Presenters of Come Dancing, such as Terry Wogan, ensured that the romance of dancing cheek-to-cheek was parodied to the extent that young people declared that they would rather have two left feet than don the sequins, lipstick and fake tan. Apart from competitions dominated by foreign couples, ballroom retreated into the sheltered seclusion of the tea dance, enjoyed mainly by pensioners.
Even the dream that ballroom dancing would become an Olympic sport seemed doomed after it failed to gain such recognition. Then Bruce Forsyth bridged the generation gap with the new celebrity-based format for Strictly Come Dancing, and ballroom was reborn. The show has been exported and has spawned several spin-offs, such as Graham Norton’s Strictly Dance Fever. There has even been a children’s version on
CBBC. It is because teachers are usually drawn from the pool of former child and teenage dancers that there is now such a shortage.

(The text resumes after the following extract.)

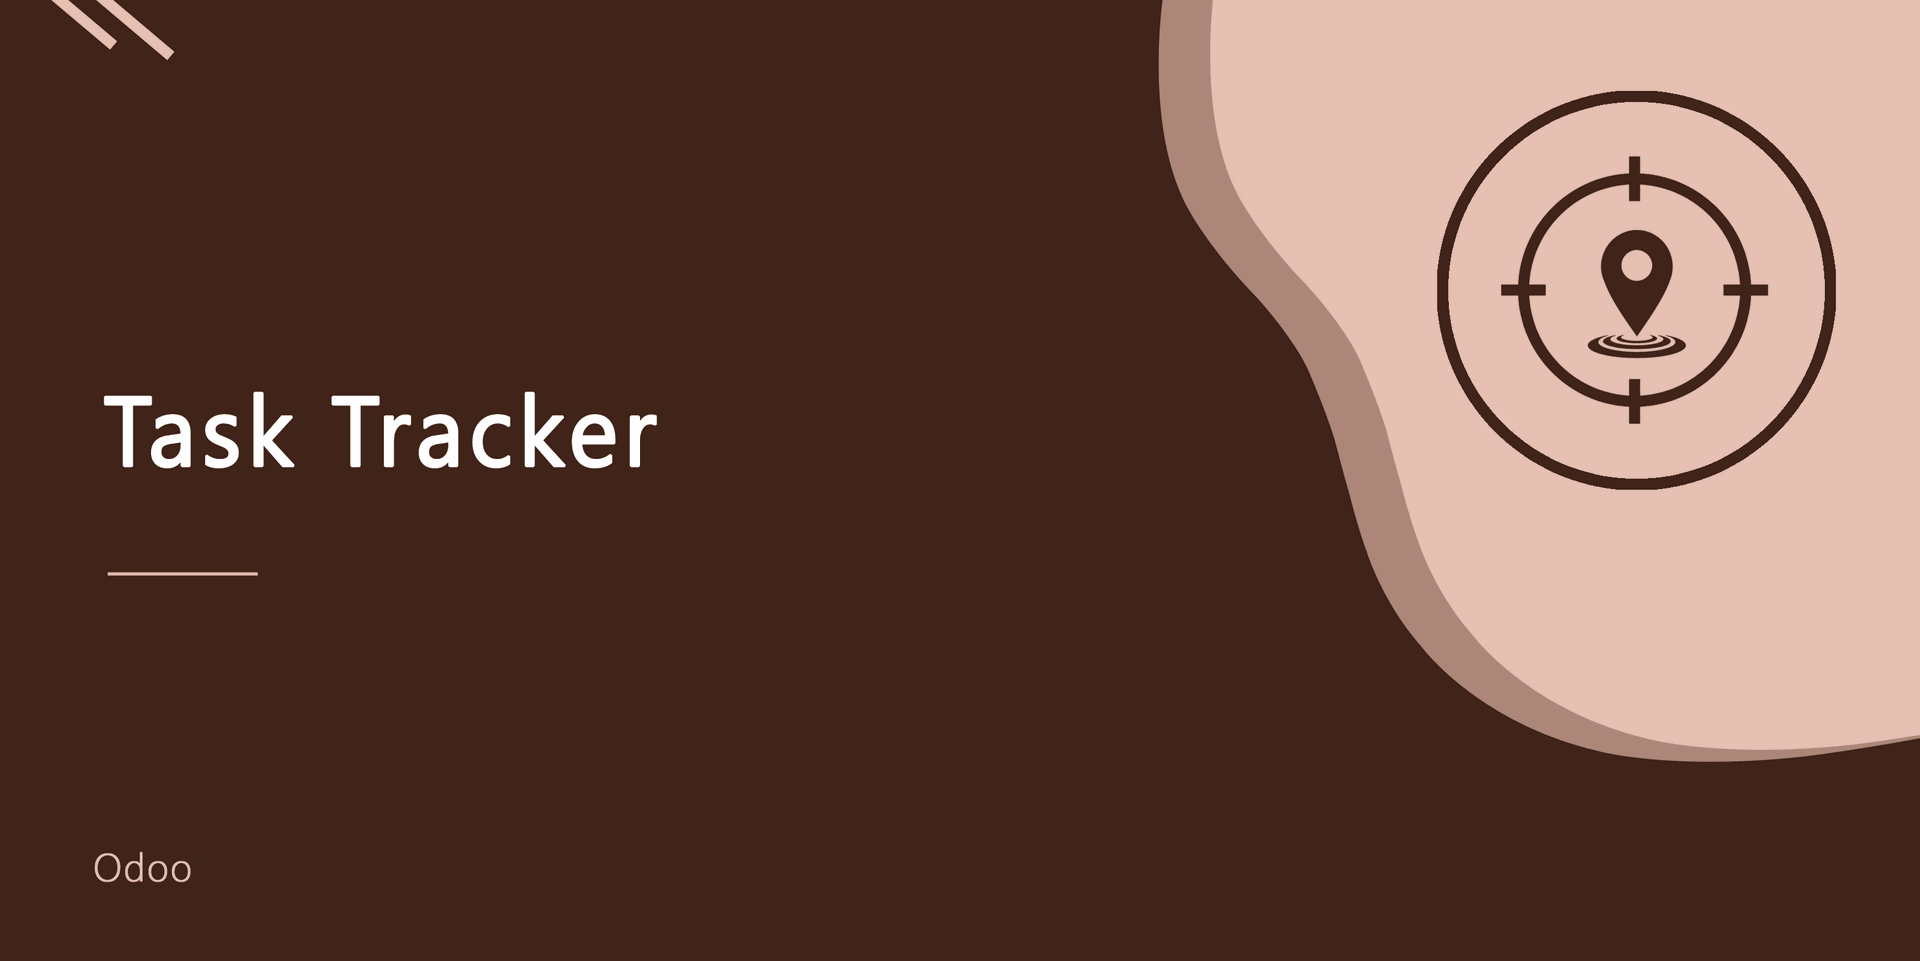 Task Tracker

Nigel Horrocks, chairman of the Dance Promoters’ Association, who employs ten teachers at his school at Tyldesley, near Manchester, said that the demand was immense. “Every night is just so busy. There has been a 50 per cent increase in pupils every night. We have more than 500 on our books.”
Keith Holmes, chief executive of the International Dance Teachers’ Association, said: “We need another 1,000 teachers to cope with the demand created by Strictly Come Dancing. It is far better if you can find people who started dancing when they were children. They make much better teachers than adults coming in from the competitive side.”
Alan Homer, who helped to set up and run the Everyone is Born to Dance scheme, is working with the Youth Sport Trust to try to get ballroom dancing into every school. He is seeking 450 teachers. He said: “Quite how we are going to find them, I do not know.”